WORK TASK: Retype the listing without any alteration.

DATASET EXTRACT:
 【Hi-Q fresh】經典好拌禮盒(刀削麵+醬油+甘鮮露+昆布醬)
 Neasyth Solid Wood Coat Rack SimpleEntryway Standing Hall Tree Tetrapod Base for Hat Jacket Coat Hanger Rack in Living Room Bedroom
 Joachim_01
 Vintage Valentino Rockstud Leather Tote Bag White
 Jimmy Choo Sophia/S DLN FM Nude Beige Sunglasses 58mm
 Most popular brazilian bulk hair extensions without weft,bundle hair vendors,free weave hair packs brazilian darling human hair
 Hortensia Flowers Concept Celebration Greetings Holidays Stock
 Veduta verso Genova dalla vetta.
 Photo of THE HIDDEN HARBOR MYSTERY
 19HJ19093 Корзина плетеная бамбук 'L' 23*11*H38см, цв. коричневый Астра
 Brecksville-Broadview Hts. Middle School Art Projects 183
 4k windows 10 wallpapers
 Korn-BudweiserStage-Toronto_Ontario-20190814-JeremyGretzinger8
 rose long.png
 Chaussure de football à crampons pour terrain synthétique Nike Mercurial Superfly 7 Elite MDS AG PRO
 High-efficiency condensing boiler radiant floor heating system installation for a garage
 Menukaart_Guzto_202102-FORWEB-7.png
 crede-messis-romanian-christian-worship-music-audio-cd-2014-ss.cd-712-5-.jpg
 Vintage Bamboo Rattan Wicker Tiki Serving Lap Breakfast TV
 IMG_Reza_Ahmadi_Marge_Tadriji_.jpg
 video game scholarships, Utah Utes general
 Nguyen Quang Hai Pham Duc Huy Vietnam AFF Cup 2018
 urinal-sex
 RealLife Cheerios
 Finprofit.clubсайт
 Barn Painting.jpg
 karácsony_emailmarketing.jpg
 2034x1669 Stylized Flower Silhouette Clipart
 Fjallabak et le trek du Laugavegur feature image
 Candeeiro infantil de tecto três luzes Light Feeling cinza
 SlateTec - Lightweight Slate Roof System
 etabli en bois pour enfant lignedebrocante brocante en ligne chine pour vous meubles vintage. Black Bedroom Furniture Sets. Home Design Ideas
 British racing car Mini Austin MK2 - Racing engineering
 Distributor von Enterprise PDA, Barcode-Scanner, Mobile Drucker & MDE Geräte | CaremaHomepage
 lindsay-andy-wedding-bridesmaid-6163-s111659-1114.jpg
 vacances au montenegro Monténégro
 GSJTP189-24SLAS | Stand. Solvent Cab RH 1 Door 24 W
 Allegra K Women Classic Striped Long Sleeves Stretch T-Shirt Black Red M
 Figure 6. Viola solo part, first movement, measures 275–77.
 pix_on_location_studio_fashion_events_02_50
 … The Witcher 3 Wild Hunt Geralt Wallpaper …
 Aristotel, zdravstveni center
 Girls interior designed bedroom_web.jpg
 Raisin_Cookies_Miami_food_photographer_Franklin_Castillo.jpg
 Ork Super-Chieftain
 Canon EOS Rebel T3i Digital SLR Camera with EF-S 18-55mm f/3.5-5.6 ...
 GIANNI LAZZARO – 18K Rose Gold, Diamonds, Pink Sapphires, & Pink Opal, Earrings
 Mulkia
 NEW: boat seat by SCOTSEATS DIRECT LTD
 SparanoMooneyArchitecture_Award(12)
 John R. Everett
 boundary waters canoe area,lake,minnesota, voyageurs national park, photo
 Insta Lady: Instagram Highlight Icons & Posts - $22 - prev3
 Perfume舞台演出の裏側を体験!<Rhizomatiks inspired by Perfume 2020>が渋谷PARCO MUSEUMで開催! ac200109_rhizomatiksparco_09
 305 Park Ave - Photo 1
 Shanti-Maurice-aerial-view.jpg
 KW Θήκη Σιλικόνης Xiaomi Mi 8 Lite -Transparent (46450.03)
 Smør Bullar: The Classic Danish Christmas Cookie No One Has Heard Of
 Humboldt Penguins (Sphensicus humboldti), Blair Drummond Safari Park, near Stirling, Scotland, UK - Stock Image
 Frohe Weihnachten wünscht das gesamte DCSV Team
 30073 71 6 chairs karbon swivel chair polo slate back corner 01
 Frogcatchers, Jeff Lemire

RESULT OF THE EXERCISE:
 【Hi-Q fresh】經典好拌禮盒(刀削麵+醬油+甘鮮露+昆布醬)
 Neasyth Solid Wood Coat Rack SimpleEntryway Standing Hall Tree Tetrapod Base for Hat Jacket Coat Hanger Rack in Living Room Bedroom
 Joachim_01
 Vintage Valentino Rockstud Leather Tote Bag White
 Jimmy Choo Sophia/S DLN FM Nude Beige Sunglasses 58mm
 Most popular brazilian bulk hair extensions without weft,bundle hair vendors,free weave hair packs brazilian darling human hair
 Hortensia Flowers Concept Celebration Greetings Holidays Stock
 Veduta verso Genova dalla vetta.
 Photo of THE HIDDEN HARBOR MYSTERY
 19HJ19093 Корзина плетеная бамбук 'L' 23*11*H38см, цв. коричневый Астра
 Brecksville-Broadview Hts. Middle School Art Projects 183
 4k windows 10 wallpapers
 Korn-BudweiserStage-Toronto_Ontario-20190814-JeremyGretzinger8
 rose long.png
 Chaussure de football à crampons pour terrain synthétique Nike Mercurial Superfly 7 Elite MDS AG PRO
 High-efficiency condensing boiler radiant floor heating system installation for a garage
 Menukaart_Guzto_202102-FORWEB-7.png
 crede-messis-romanian-christian-worship-music-audio-cd-2014-ss.cd-712-5-.jpg
 Vintage Bamboo Rattan Wicker Tiki Serving Lap Breakfast TV
 IMG_Reza_Ahmadi_Marge_Tadriji_.jpg
 video game scholarships, Utah Utes general
 Nguyen Quang Hai Pham Duc Huy Vietnam AFF Cup 2018
 urinal-sex
 RealLife Cheerios
 Finprofit.clubсайт
 Barn Painting.jpg
 karácsony_emailmarketing.jpg
 2034x1669 Stylized Flower Silhouette Clipart
 Fjallabak et le trek du Laugavegur feature image
 Candeeiro infantil de tecto três luzes Light Feeling cinza
 SlateTec - Lightweight Slate Roof System
 etabli en bois pour enfant lignedebrocante brocante en ligne chine pour vous meubles vintage. Black Bedroom Furniture Sets. Home Design Ideas
 British racing car Mini Austin MK2 - Racing engineering
 Distributor von Enterprise PDA, Barcode-Scanner, Mobile Drucker & MDE Geräte | CaremaHomepage
 lindsay-andy-wedding-bridesmaid-6163-s111659-1114.jpg
 vacances au montenegro Monténégro
 GSJTP189-24SLAS | Stand. Solvent Cab RH 1 Door 24 W
 Allegra K Women Classic Striped Long Sleeves Stretch T-Shirt Black Red M
 Figure 6. Viola solo part, first movement, measures 275–77.
 pix_on_location_studio_fashion_events_02_50
 … The Witcher 3 Wild Hunt Geralt Wallpaper …
 Aristotel, zdravstveni center
 Girls interior designed bedroom_web.jpg
 Raisin_Cookies_Miami_food_photographer_Franklin_Castillo.jpg
 Ork Super-Chieftain
 Canon EOS Rebel T3i Digital SLR Camera with EF-S 18-55mm f/3.5-5.6 ...
 GIANNI LAZZARO – 18K Rose Gold, Diamonds, Pink Sapphires, & Pink Opal, Earrings
 Mulkia
 NEW: boat seat by SCOTSEATS DIRECT LTD
 SparanoMooneyArchitecture_Award(12)
 John R. Everett
 boundary waters canoe area,lake,minnesota, voyageurs national park, photo
 Insta Lady: Instagram Highlight Icons & Posts - $22 - prev3
 Perfume舞台演出の裏側を体験!<Rhizomatiks inspired by Perfume 2020>が渋谷PARCO MUSEUMで開催! ac200109_rhizomatiksparco_09
 305 Park Ave - Photo 1
 Shanti-Maurice-aerial-view.jpg
 KW Θήκη Σιλικόνης Xiaomi Mi 8 Lite -Transparent (46450.03)
 Smør Bullar: The Classic Danish Christmas Cookie No One Has Heard Of
 Humboldt Penguins (Sphensicus humboldti), Blair Drummond Safari Park, near Stirling, Scotland, UK - Stock Image
 Frohe Weihnachten wünscht das gesamte DCSV Team
 30073 71 6 chairs karbon swivel chair polo slate back corner 01
 Frogcatchers, Jeff Lemire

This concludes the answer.